Someone’s out with a poll on the Murkowski-Miller Senate race in Alaska.  Murkowski 38, Miller 31, and the Democrat, Metcalfe, at 13, with 19 undecided.  I don’t consider this a trustworthy poll, so take it with several grains of salt.  But it seems about right.  The major flaw is that it does not include Independent Margaret Stock.  She’s a serious candidate, preferred by the Begich/Clinton wing of the Democratic Party.  She’ll run a good campaign.  She’ll take votes from both Murkowski and Metcalfe.  She won’t take one vote from Miller.

If this causes Murkowski to lose to Miller, that’s not a bug, it’s a feature, for former Senator Mark Begich.  Begich would like to see Miller beat Murkowski.  He wants to get back to the Senate, badly.  If he thinks he’s got a shot at Sullivan, he’ll take him on in 2020.  But that would be a rematch of 2014, which he lost.  Sullivan, not Begich, will have the power of incumbency in 2020, the reverse of 2014.  So he’d have a much better shot at Miller in 2022.  He’ll be 60 years old in 2022, and still in his political prime.  In his mind, he’d still have at least three terms left in him.  He thinks Miller’s a nut, who will make a fool of himself in the Senate, so a man like Mark Begich can take him out.  I know what Mark Begich is thinking because he and I think alike.  If he is not for himself, who will be for him?

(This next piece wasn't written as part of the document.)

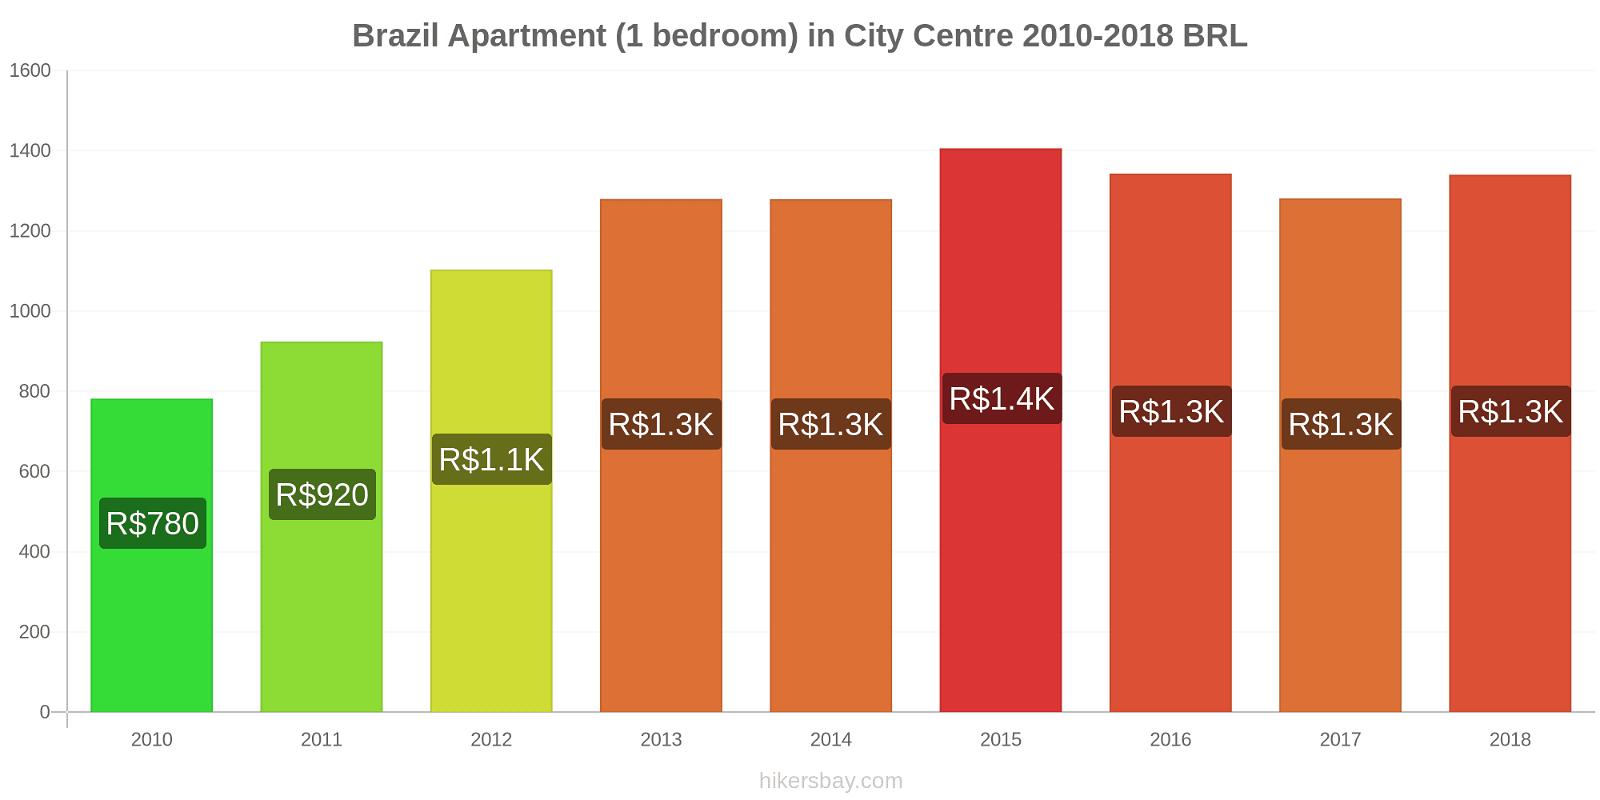 Brazil price changes Apartment (1 bedroom) in City Centre hikersbay.com

Isn’t bipartisanship wonderful?   Two different political parties, with polar opposite platforms, uniting for a common cause, in the service of better government.  Democrats and Libertarians, working together, can remove the embarrassment of yet another dim witted Murkowski in the U.S. Senate.  There’s hope for the country after all.  If we all just work together we can do wonders.

Lisa Mukowski is Hillary Clinton with half the brain removed.   Her campaign thinks it’s clever in its debate strategy.  The first in Kodiak on the 12th, the second at the Alaska Federation of Natives meeting in Fairbanks on the 21st, and the third in Barrow on the 26th.  If Miller’s smart he’ll appear at every one of them, on the hunt and loaded for bear.  It’s Tora, Tora, Tora time.   What the hell has she done in the last fourteen years?  She carried water for Ted Stevens, just like her father, until Stevens lost to Begich in 2008.  Since then she hasn’t had anybody’s water to carry, so she doesn’t know what to do.

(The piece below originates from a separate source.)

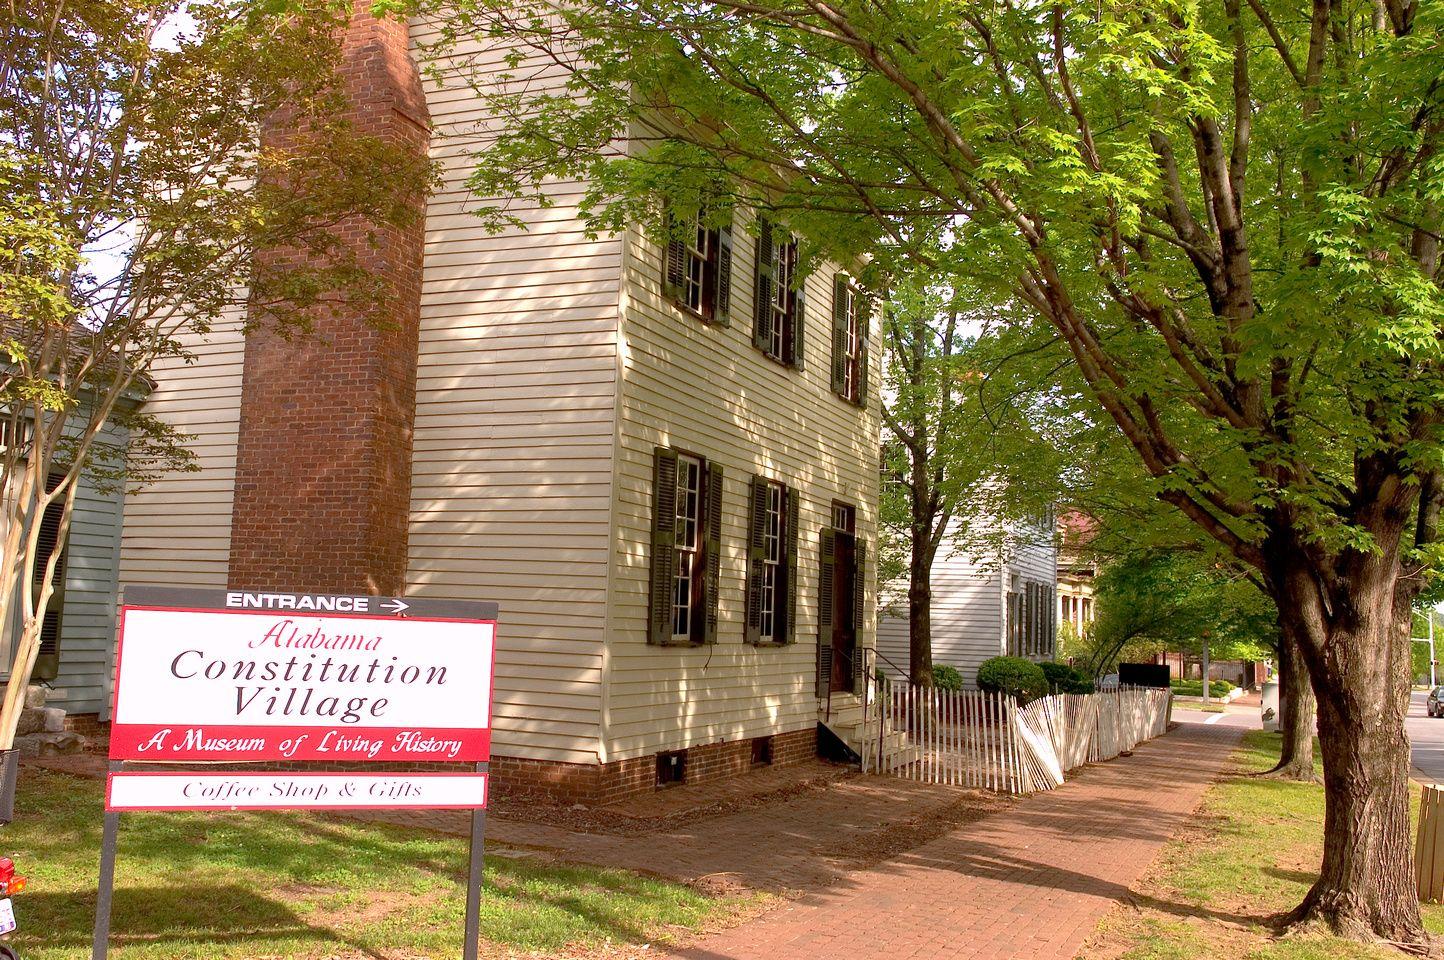 ffe51701c5ff154924d8d5bbe3fe4820 - Better Homes And Gardens Huntsville Al

And there’s a lot that could be done, and Miller knows it.  He can lay out a plan, and ask, “Why haven’t you been doing this for the last fourteen years?”  As long as he doesn’t lay it on too thick, it’s devastating.  It can win the race for him.

On the Defend Cathy Geissel front, all is progressing nicely.  I’m pretty sure I figured out a way to raise a little money, and a little is all I need.  I’m taking this race personally.  I’ve never met or spoken, yet, with any of the principals, but it’s my old Senate District, and losing it to a union boss would be hard to take.  I’d like to fly up there for election night.  Hopefully I’d get to meet some mighty happy people.